During the latest financial quarter, Univision reported second-quarter earnings from continuing operations of $92.0 million, compared with a year-ago profit of $121.3 million, down 24 percent. Quarterly adjusted operating income before depreciation and amortization (OIBDA), another profitability metric, dropped 14 percent to $265.7 million.

Vincent Sandusky
Quarterly revenue declined 4 percent to $701.7 million, with core revenue down 3.5 percent to $694.5 million, including a 1.1 percent drop in media networks unit core advertising revenue. Total networks unit advertising revenue fell 2 percent to $347.2 million "due to declines in television advertising revenue, partially offset by higher digital advertising revenue."

Radio revenues were also down 4.6% to $61.7 million from $64.7 million, while radio advertising revenue decreased 6.2% to $57.9 million from $61.7 million. Core radio ad revenue fell 4.6% to $55.7 million from $58.4 million. Non-advertising radio revenue increased to $3.8 million from $3 million from the year-ago period. Adjusted OIBDA decreased 14 to $265.7 million from $308.8 million.

Media networks unit non-advertising revenue, including carriage fees and content licensing, declined 6.2 percent to $292.8 million in the latest period.

Subscriber fee revenue in the quarter reached $263.3 million, down from $279.6 million in the year-ago period.

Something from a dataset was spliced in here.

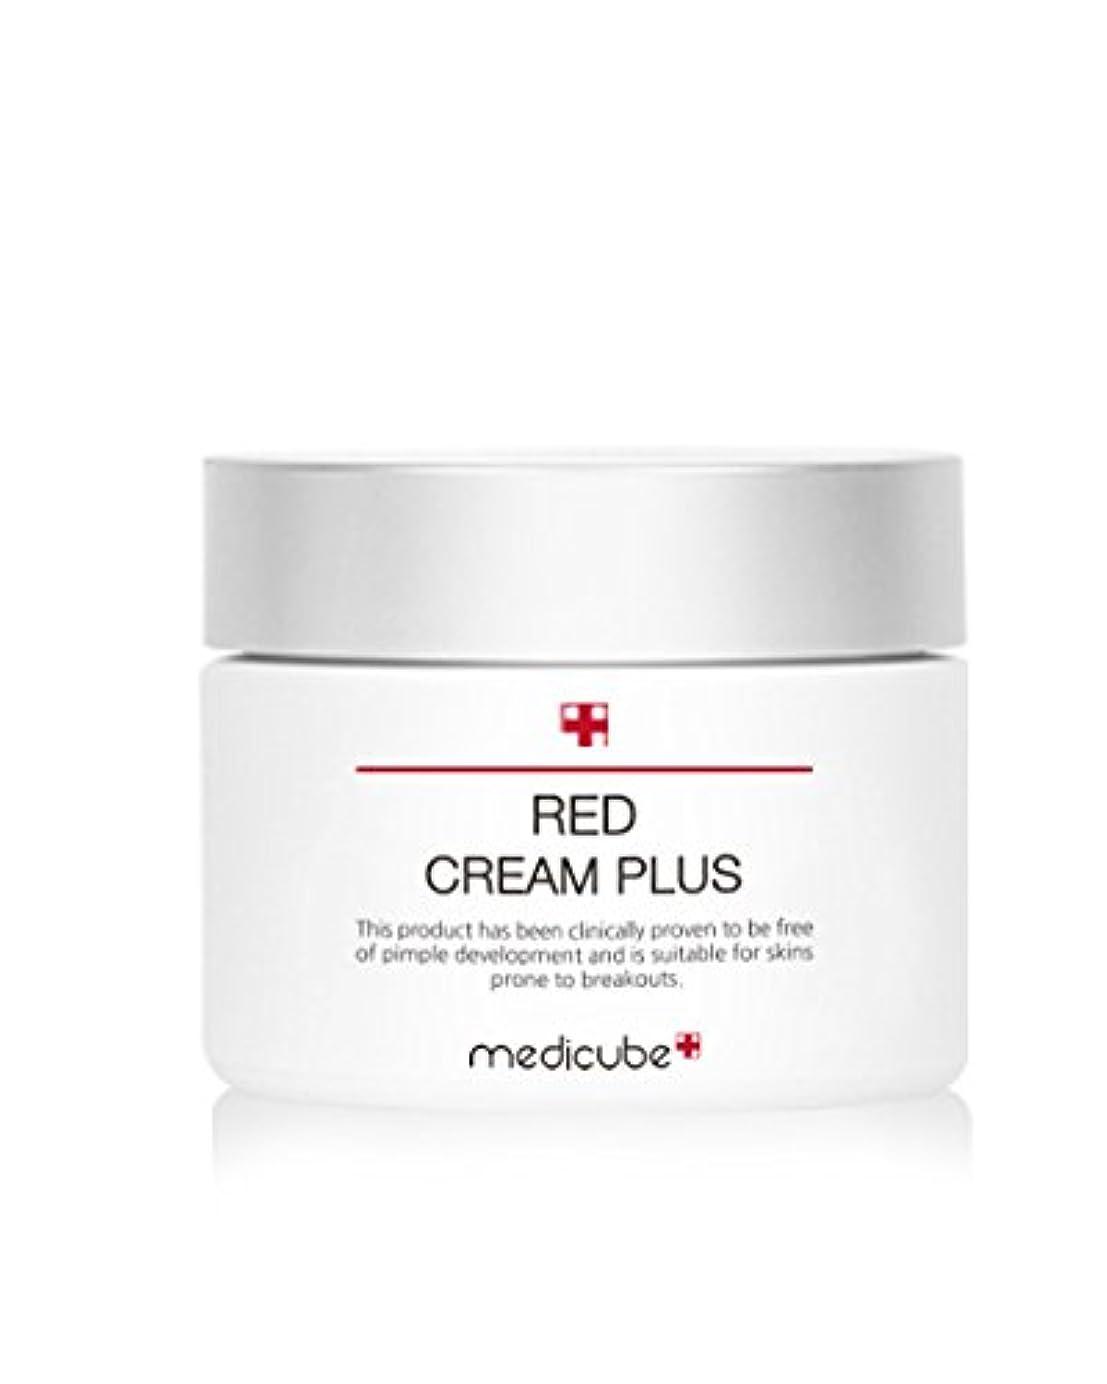 オッズポータブル四半期[Medicube]メディキューブ レッド クリーム プラス 大容量 100ml / Medicube Red Cream Plus 100ml [並行輸入品]

Univision this year had a carriage dispute with Dish Network, which it settled late in the first quarter.

Sadusky told analysts Univision would continue to see subscriber fee evenue declines away from its newly-signed deal with Dish, in line with the rest of the pay TV industry. "We're behaving as the ecosystem behaves," he said.

Besides recent stepped-up investments in programming and ad sales to draw Hispanic audiences and marketers, Sadusky pointed to "mid single-digit" growth in ad revenue after the recently completed 2019/2020 upfront sales cycle, combined with even stronger growth on the digital advertising front.